Гермер отошел к своему столу, а Герберт издали поклонился австрийцам, и те ответили на его приветствие. «Толковые ребята…»

Веселые они. Счастливые. От чего вообще зависит счастье человека? Рут — как можно понять из ее письма — сейчас несчастна. А Вестфаль? Он-то счастлив или нет? Впрочем, жизнь Вестфаля не укладывается в рамки этих понятий. Или укладывается, если взять понятие счастья в его всеобъемлющем смысле, не как мимолетное, преходящее ощущение, не как наивное блаженство, а как счастье, которое человек приемлет разумом. Это счастье не исключает боли, зато делает ее понятной.

Последние годы Герберт нечасто предавался подобным размышлениям. Не было повода, да и времени, признаться, тоже не было. И вообще это не по его части. Но вот уже несколько месяцев он ощущал в себе растущее недовольство. Недовольство накатывало и заставало его врасплох, как сейчас, в зале для транзитников. Тогда он терял уверенность, легкость и чувство превосходства, без которых нельзя вести разговоры с людьми, тогда он предпочитал оставаться наедине с самим собой. Неоднократно пытался он отыскать причину происходящих в нем перемен. Покамест он ни с кем об этом не разговаривал, даже с женой. Непонятная робость мешала ему.

Женский голос объявил по радио, что начинается посадка на Стамбул, и повторил свое сообщение на четырех языках. Времени оставалось то ли час, то ли два. И работа в Халленбахе от него не убежит, чего же он так тревожится?

Он полистал свой рабочий календарь: заседание совета, районная конференция школьных работников, открытие клуба, обсуждение работы театра — снятие с репертуара «Золотого колодца». Решения пока нет, но лично он, Герберт, считает «Золотой колодец» формалистским трюком, искажающим действительность, отмеченным печатью скептицизма и уныния, предающим забвению те силы, которые ведут нас вперед. Герберт не уставал подчеркивать, что выступал и будет выступать против идеологических компромиссов. Разговор с режиссером, драматургом и актерами должен состояться уже завтра. А, вот оно что! Герберт обрадовался, подыскав наконец объяснение своей непонятной тревоге и внутреннему беспокойству: он боится пред-стоящего обсуждения. Это называется: дожили, но ничего, у него еще достанет сил посмеяться над своими страхами.
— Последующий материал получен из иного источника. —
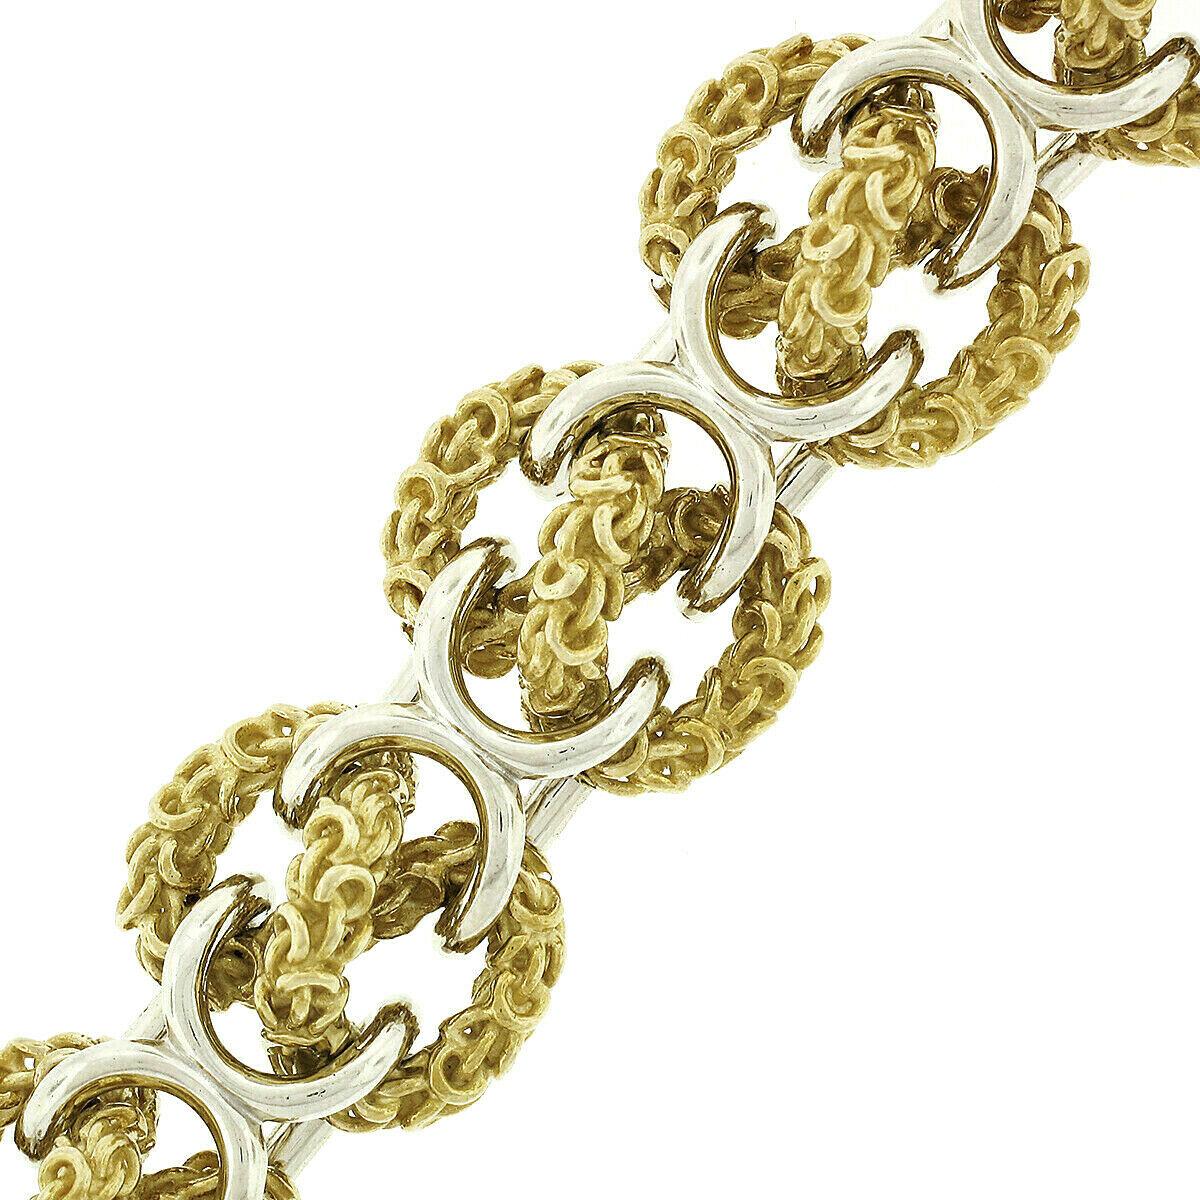 Heavy 18 Karat Yellow and White Gold Wide 3D Infinity Knot Chain Bracelet In Good Condition For Sale In Montclair, NJ

Герберт отчетливо сознавал, что не может избавиться от противоречия. Он сердцем чувствует, что целый ряд сцен в «Золотом колодце» вольно или невольно подрывает основы социалистического государства. Но если разговор пойдет на профессиональном уровне, такими высказываниями не отделаешься. Ему ткнут в нос, что искусство живет по своим законам, начнут толковать о драматургических единствах, цитировать Брехта, Лессинга и Бехера и тем самым разрушат самую основу его выступления. Они не посчитаются с его мнением, в лицо не скажут, но дадут понять, что он невежда, ничего или очень мало смыслящий в искусстве. Да и откуда ему смыслить?


Рекомендуем почитать
Холмы, освещенные солнцем

«Холмы, освещенные солнцем» — первая книга повестей и рассказов ленинградского прозаика Олега Базунова. Посвященная нашим современникам, книга эта затрагивает острые морально-нравственные проблемы.


Нечестная игра. На что ты готов пойти ради успеха своего ребенка

Роуз, Азра, Саманта и Лорен были лучшими подругами на протяжении десяти лет. Вместе они пережили немало трудностей, но всегда оставались верной поддержкой друг для друга. Их будни проходят в работе, воспитании детей, сплетнях и совместных посиделках. Но однажды привычную идиллию нарушает новость об строительстве элитной школы, обучение в которой откроет двери в лучшие университеты страны. Ставки высоки, в спецшколу возьмут лишь одного из сотни. Дружба перерастает в соперничество, каждая готова пойти на все, лишь ее ребенок поступил.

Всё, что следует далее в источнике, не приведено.